Beach in Xincheng, Hualien County, Taiwan

The Qixingtan Beach or Chihsingtan Beach or in Sakizaya language Malongayangay (七星潭海邊 (七星潭海边, Qīxīngtán Hǎibiān)) is a beach in Xincheng Township, Hualien County, Taiwan facing the Pacific Ocean.

==Naming and history==
Qixingtan Beach was originally located at the east of Hualien airport. Its shape is like the Big Dipper, so it is called Qixingtan. Back in 1936, Japanese government filled the lake in order to build the Hualien airport, and now there are only four ponds left.

Japanese government forced the residents who lived at the original Qixingtan to move to “Crescent Bay”. The residents named the place Qixingtan in memory of the original Qixingtan.

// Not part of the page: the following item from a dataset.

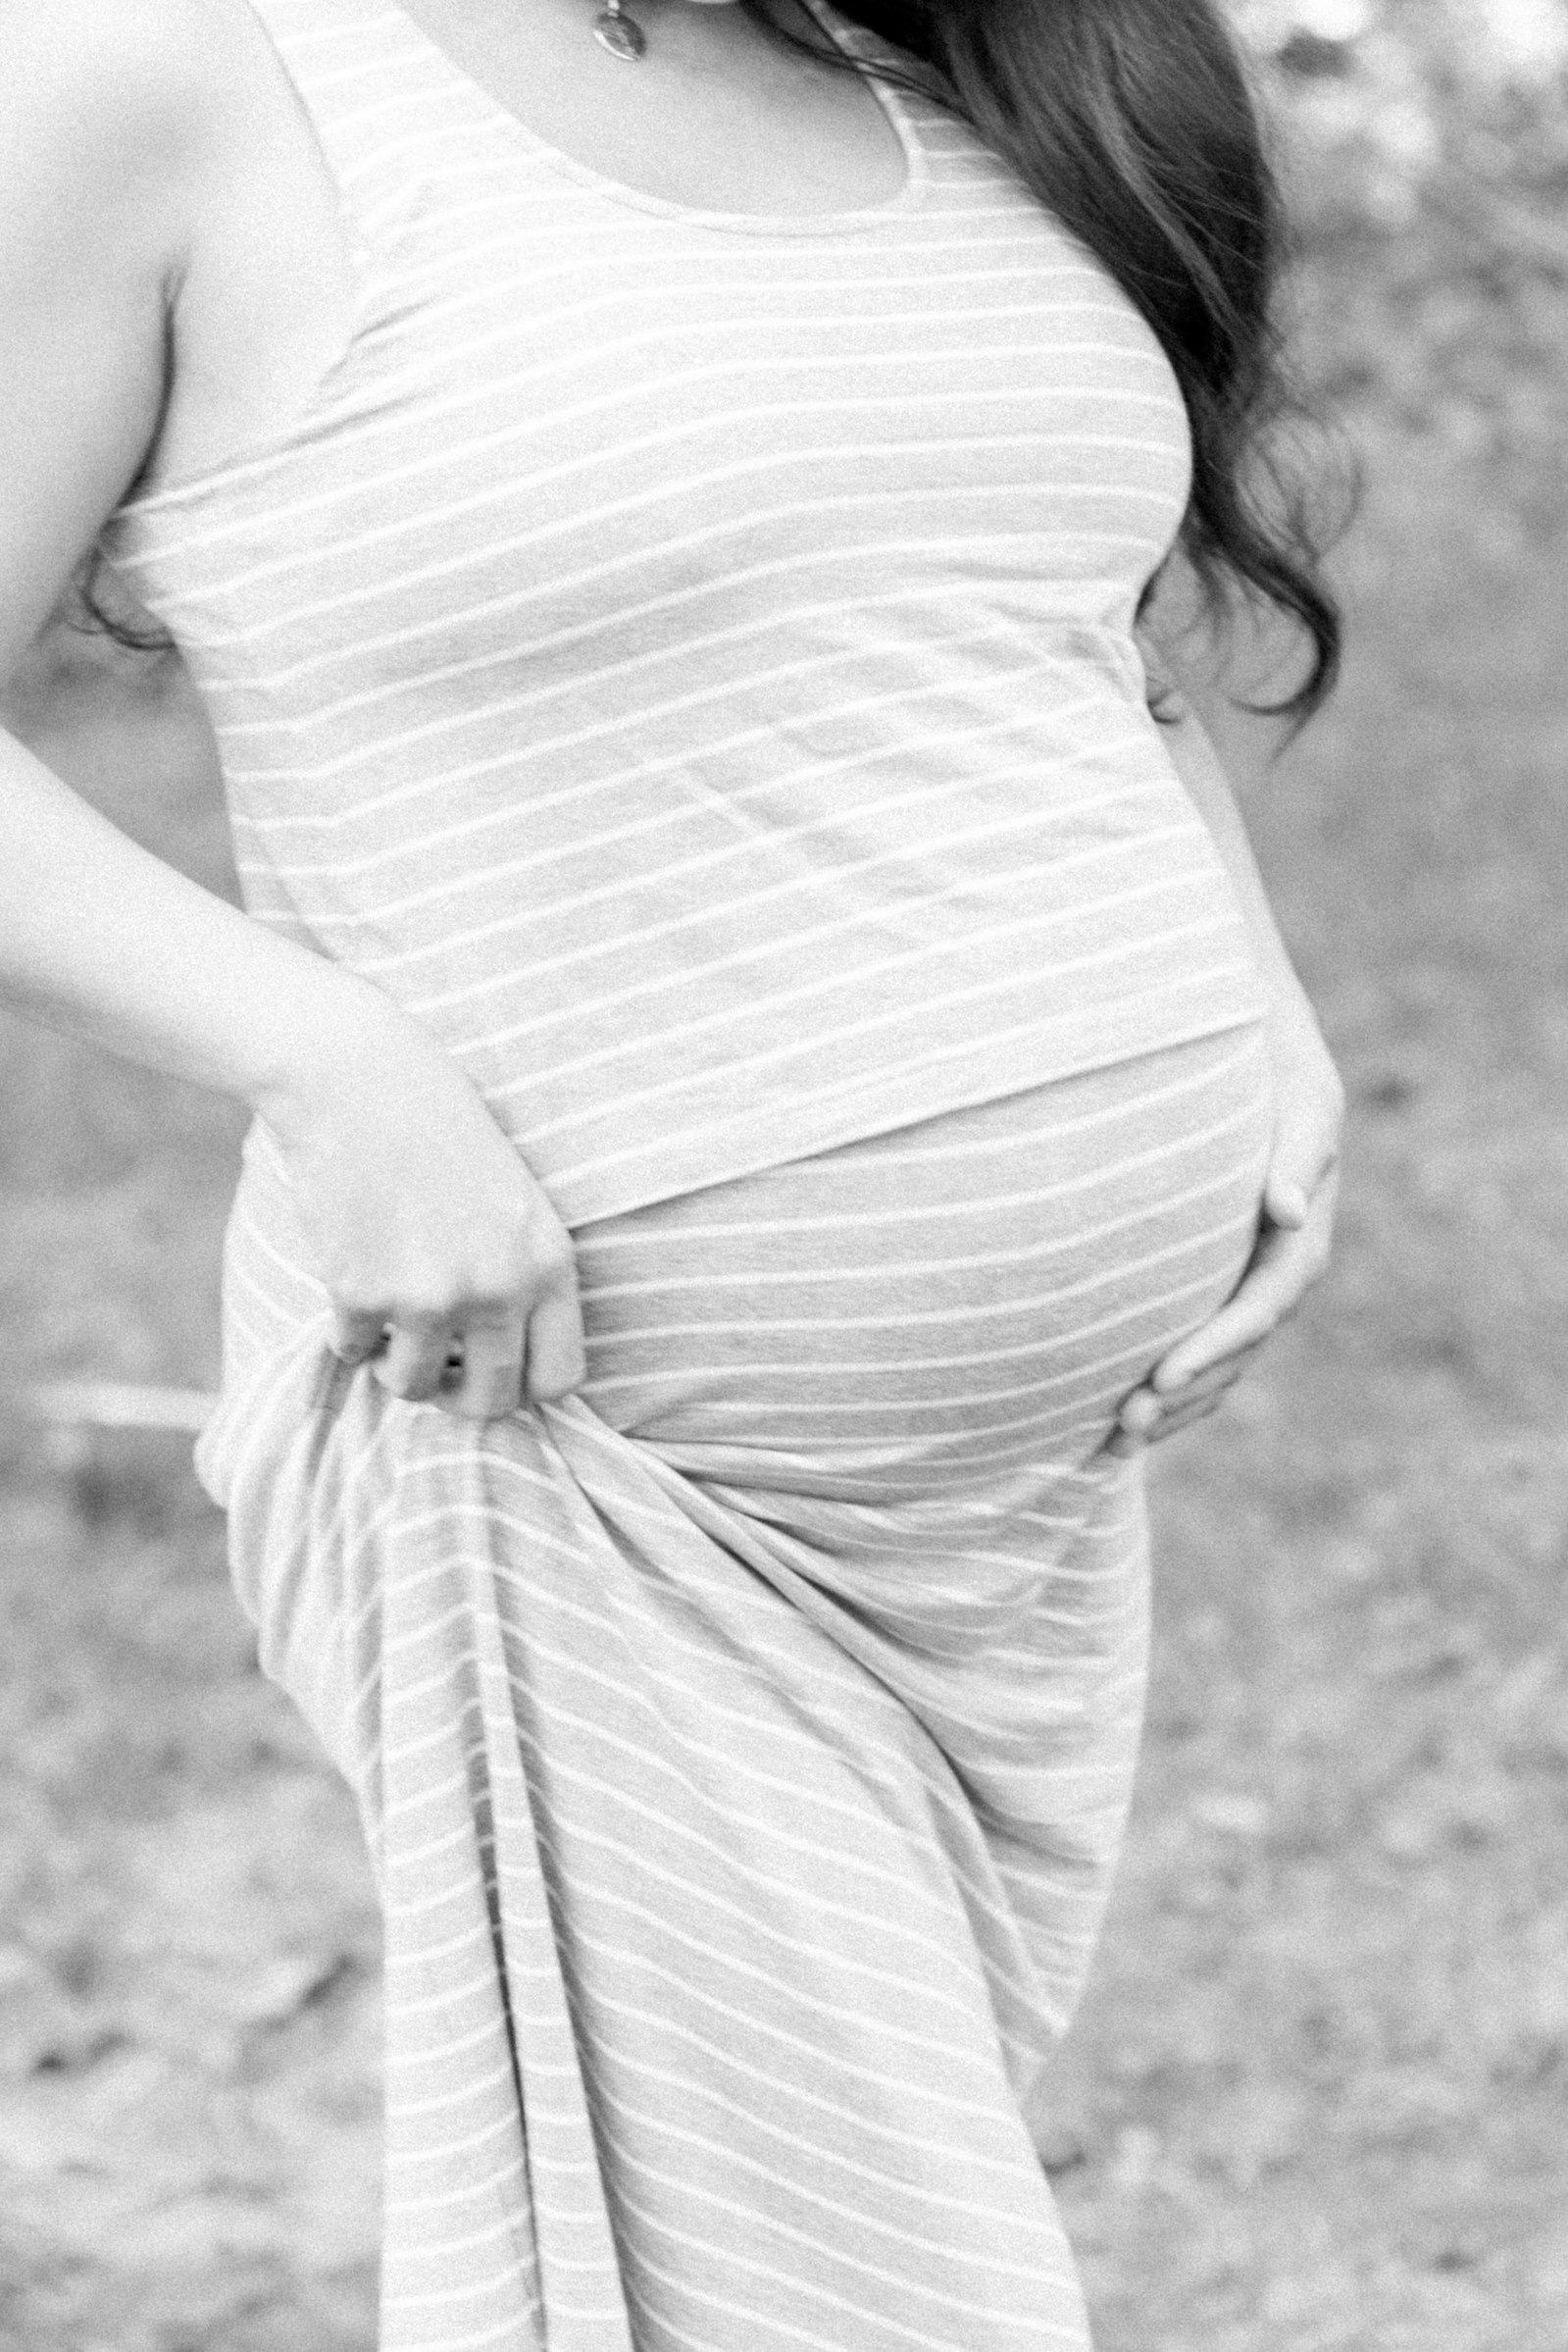 Black and white maternity portrait of a woman holding her belly, Emily VanderBeek Photography, Portrait and Family Photography, Niagara Photographer, Champlain Photographer, Vaudreuil-Soulanges Photographer, candid photography, authentic photography.

In June 2009, officials from Hualien County Government made a proposal to the Department of Environmental Protection to abolish the Qixingtan Environmental Impact Statement. Consequently, this led to the construction of private and large-scale development projects at the beach.

==Features==
Located in a half moon-like shape gulf, the beach is famous for its beautiful natural landscape. It attracts thousands of tourists every year to visit the beach. Nearby the beach lies the Chihsing Tan Katsuo Museum.

==Transportation==
The beach is accessible within walking distance East from Beipu Station of Taiwan Railway.